Reproduce the listing word for word, leaving every picture behind.

▸ THE DATA
== Segment start ==

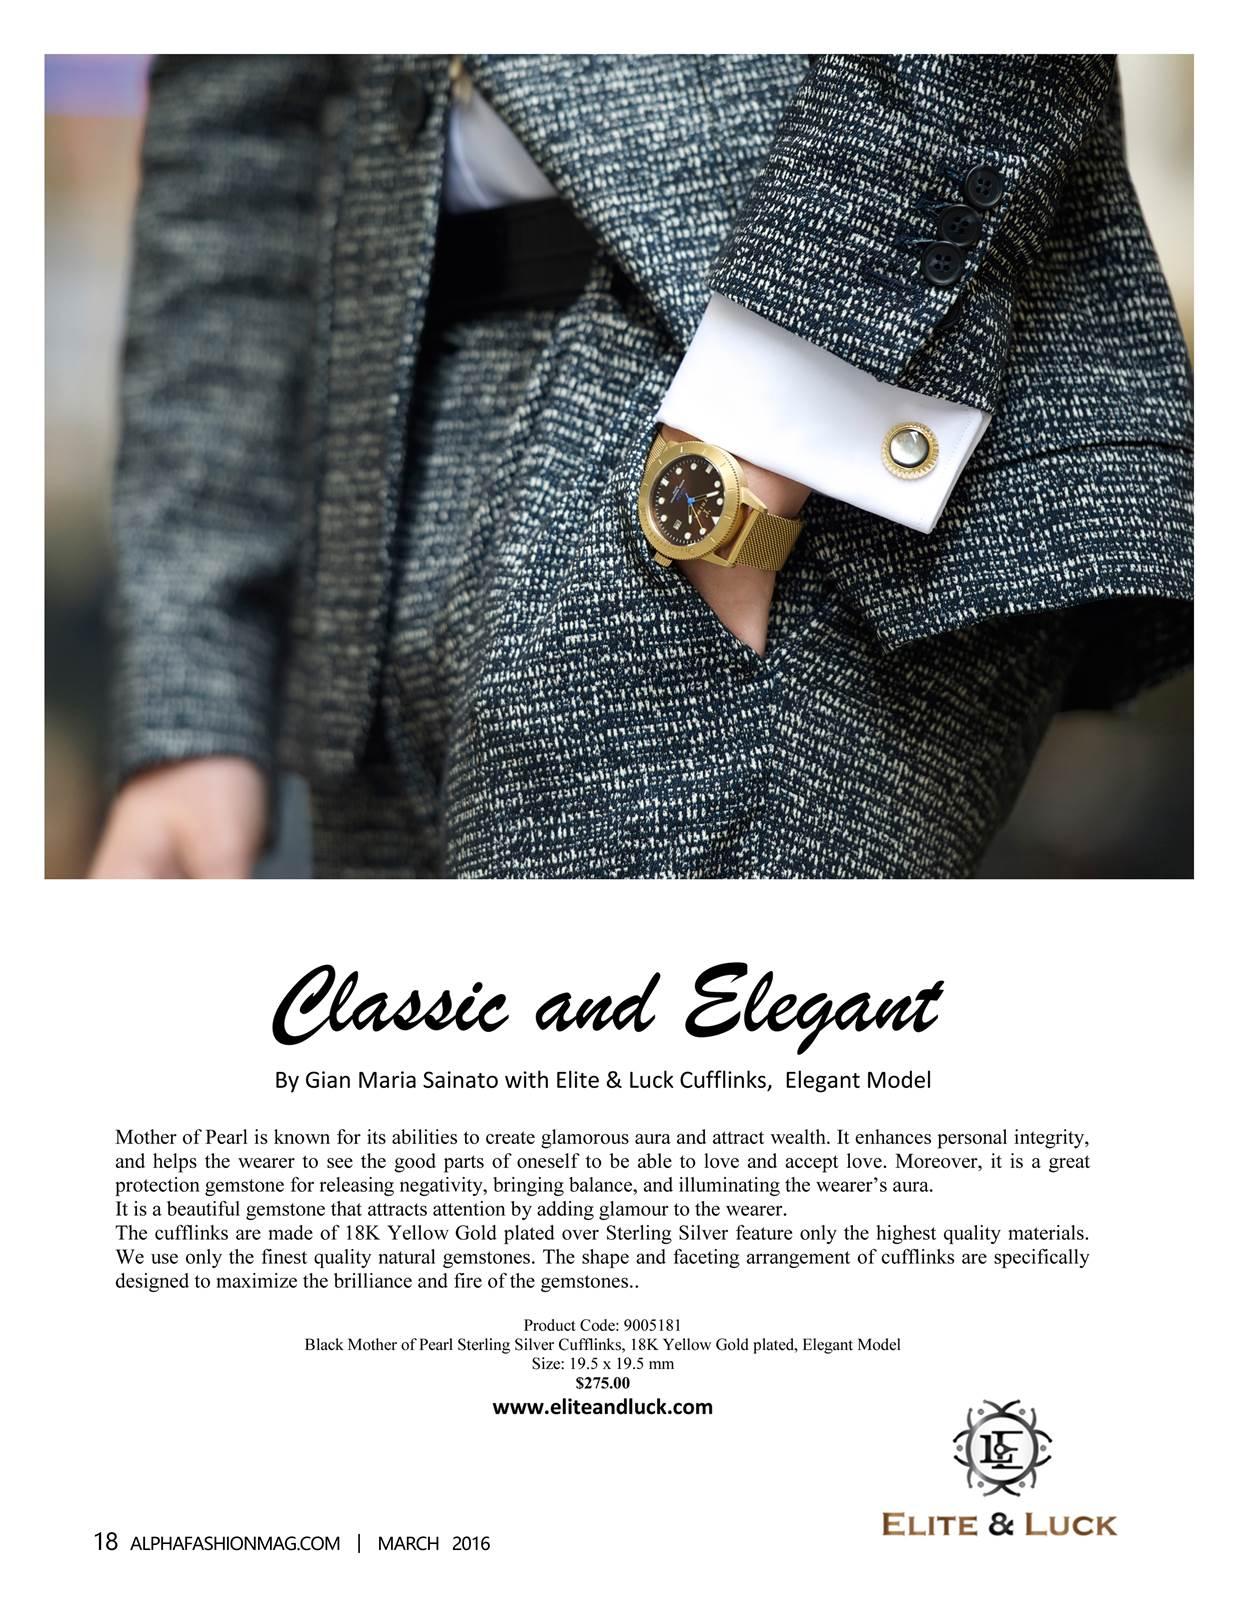 Elite & Luck Cufflinks ในนิตยสาร Alpha Fashion Magazine ที่ New York ฉบับเดือนมีนาคม 2016.
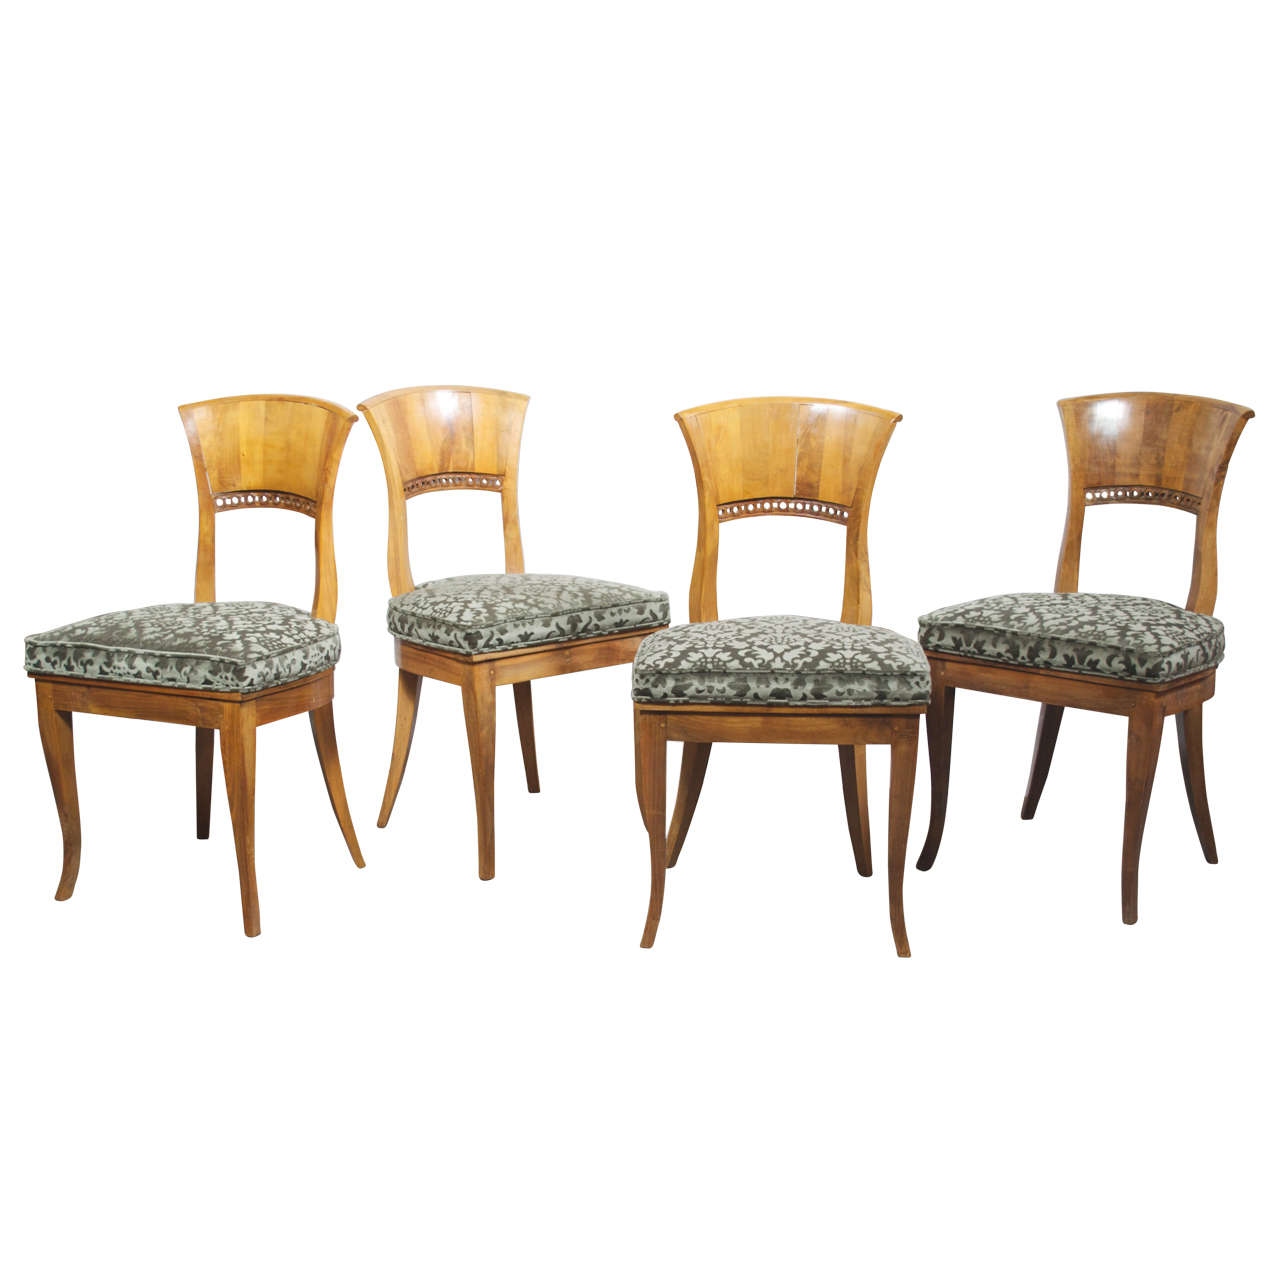 Set Of Four 19th Century Biedermeier Chairs Saturday Sale At 1stdibs
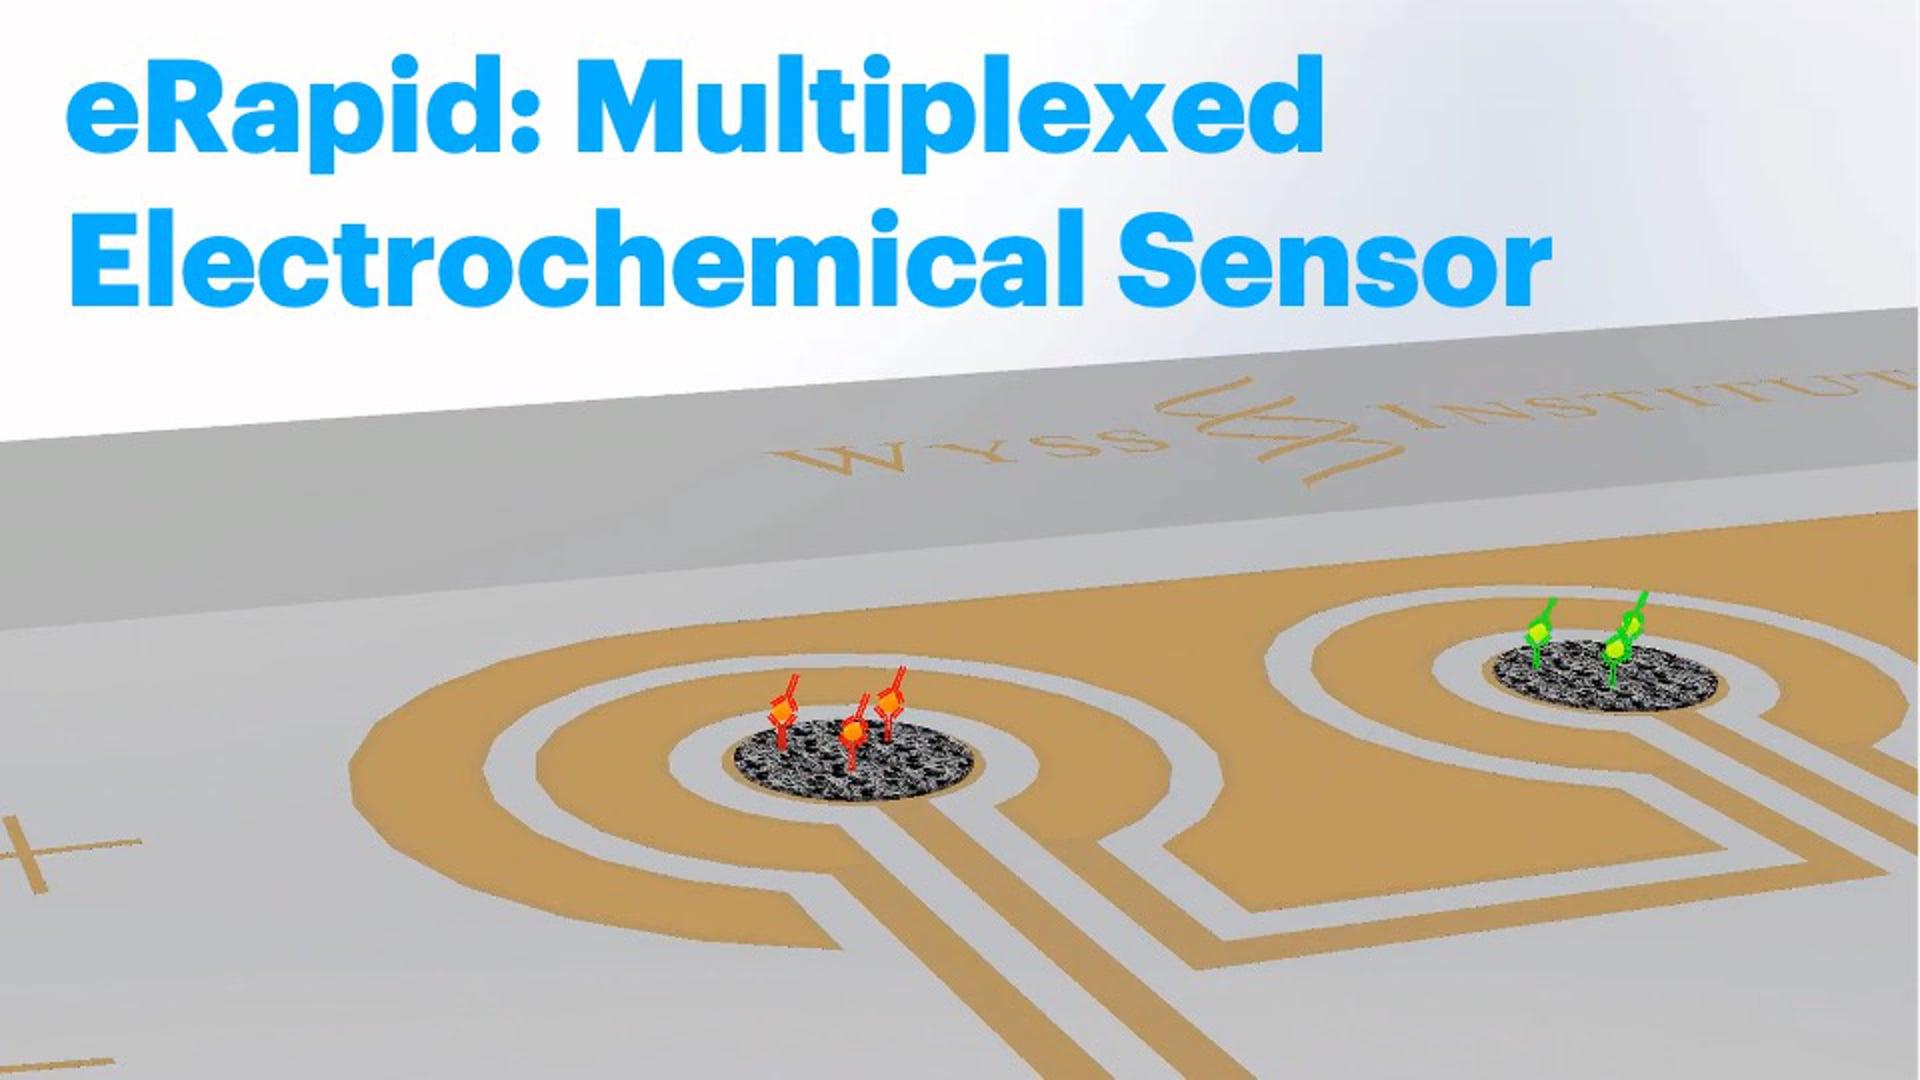 eRapid: Multiplexed Electrochemical Sensor
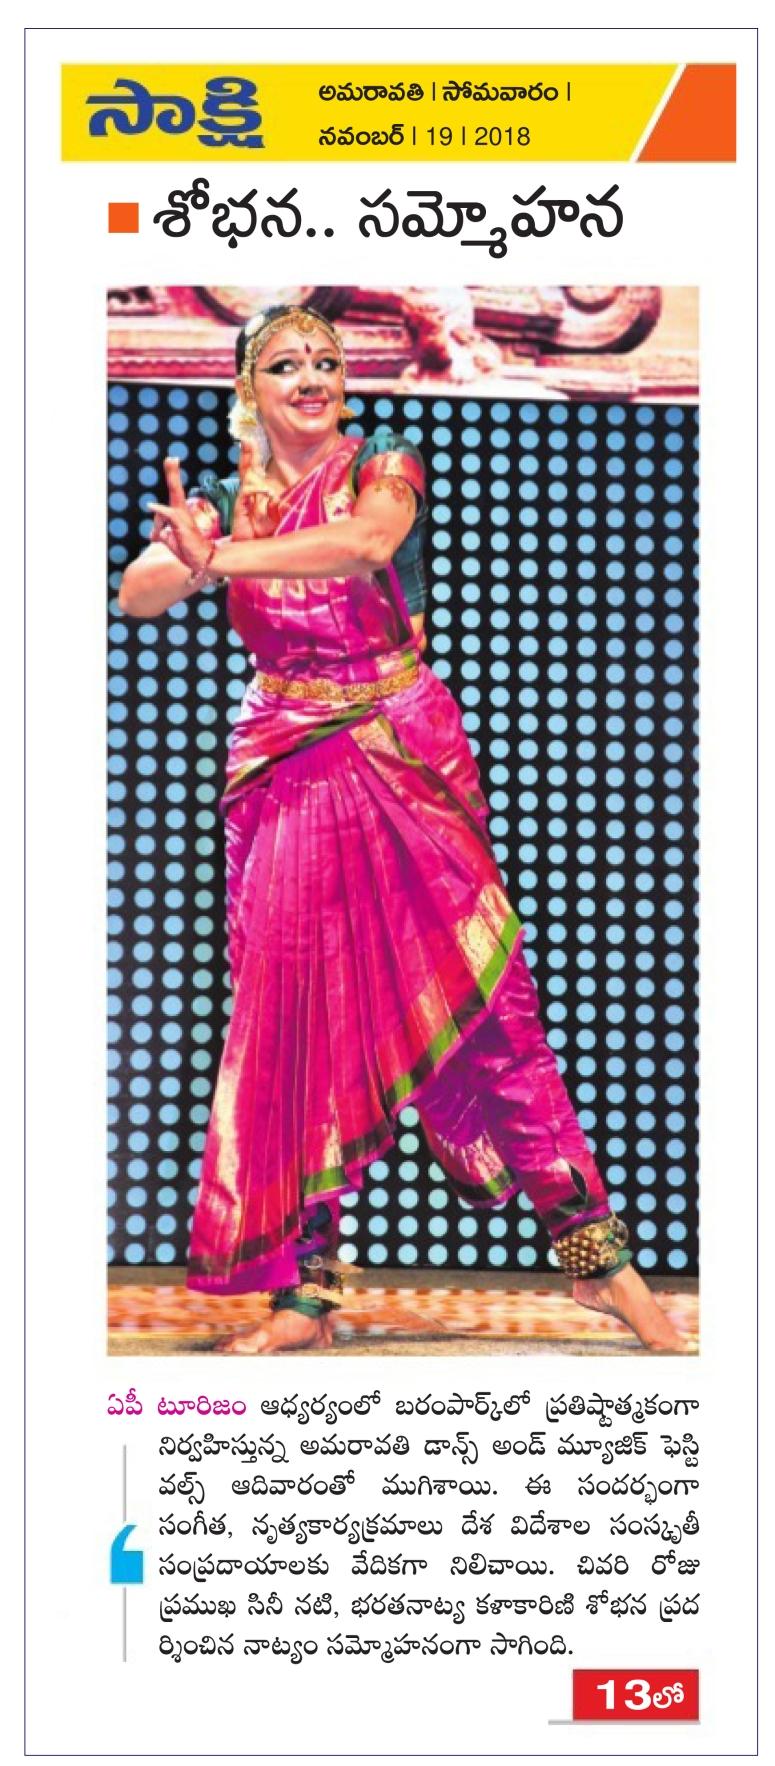 Amaravati Dance Festival News Clip Sakshi VJA 19-11-2018

== Segment end ==

▸ TASK SOLUTION
 Elite & Luck Cufflinks ในนิตยสาร Alpha Fashion Magazine ที่ New York ฉบับเดือนมีนาคม 2016.
 Set Of Four 19th Century Biedermeier Chairs Saturday Sale At 1stdibs
 eRapid: Multiplexed Electrochemical Sensor
 Amaravati Dance Festival News Clip Sakshi VJA 19-11-2018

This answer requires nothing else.